# Epson 7800 Load paper properly error...



## FatboyGraphics (Sep 20, 2009)

So i have been getting this error after its' done printing (not cutting the paper).

I've fixed it by cutting off the paper, rolling it out, and them putting it back in.

Now i can't get the error to go away.

Any ideas what would be causing this? Nothings been done different. its not a new roll.


----------



## FatboyGraphics (Sep 20, 2009)

well i powered it down and turned it back on and it seems to be working right now. atleast for now.


----------



## funkytshirts (Jul 26, 2010)

You could try reseting the paper source in the printer menu if it starts again.. We have a 9800 so it nay be slightly different!!


----------



## PositiveDave (Dec 1, 2008)

When it says 'press the pause button' press the cut button.


----------



## FatboyGraphics (Sep 20, 2009)

its still doing when we get to the end of the print file. it says, printer error, load paper properly.


----------



## PositiveDave (Dec 1, 2008)

So it finishes printing, then throws an error?


----------



## Riderz Ready (Sep 18, 2008)

We used to have this happen on our 9800 and there were two causes for us that we found. First somethimes the rolls of Beaver paper were not on the core flush to the end. Sometimes we could tap the roll on the floor and it would align and sometimes not. The second is over time it would seem the printer would pull paper a little more on one side than the other thus it would become unaligned and we would get that error as well.


----------



## Conde_David (May 29, 2008)

Verify by pushing the left arrow key that
you are in roll paper mode not cut sheet.


----------



## FatboyGraphics (Sep 20, 2009)

Riderz Ready said:


> We used to have this happen on our 9800 and there were two causes for us that we found. First somethimes the rolls of Beaver paper were not on the core flush to the end. Sometimes we could tap the roll on the floor and it would align and sometimes not. The second is over time it would seem the printer would pull paper a little more on one side than the other thus it would become unaligned and we would get that error as well.

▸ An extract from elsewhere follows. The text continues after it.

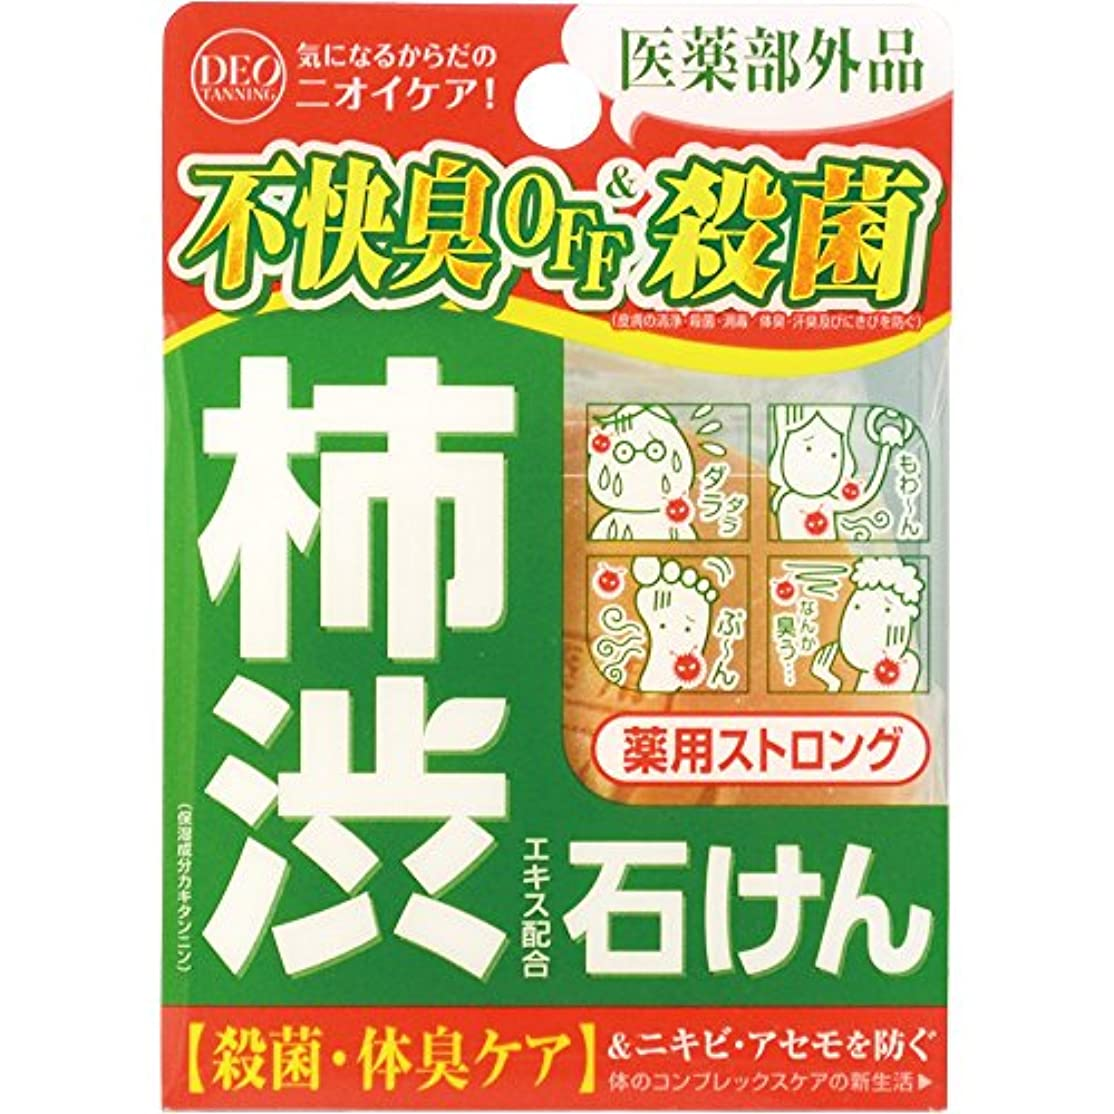 ドラマ木製前置詞デオタンニング 薬用ストロング ソープ 100g (医薬部外品)

i'll look at this tomorrow...this is probably the issue.


We are definitely in roll paper mode.

yes it does it at the end of the rip file.


----------



## PositiveDave (Dec 1, 2008)

When loading the paper, you are told to align it with themarks, don't.
Pull the paper to the floor, then wind it up using the spindle.
That should be straight.


----------



## Conde_David (May 29, 2008)

Try the epson driver.
Do you get a ready message after loading?

I just pull until I get to the marks.


----------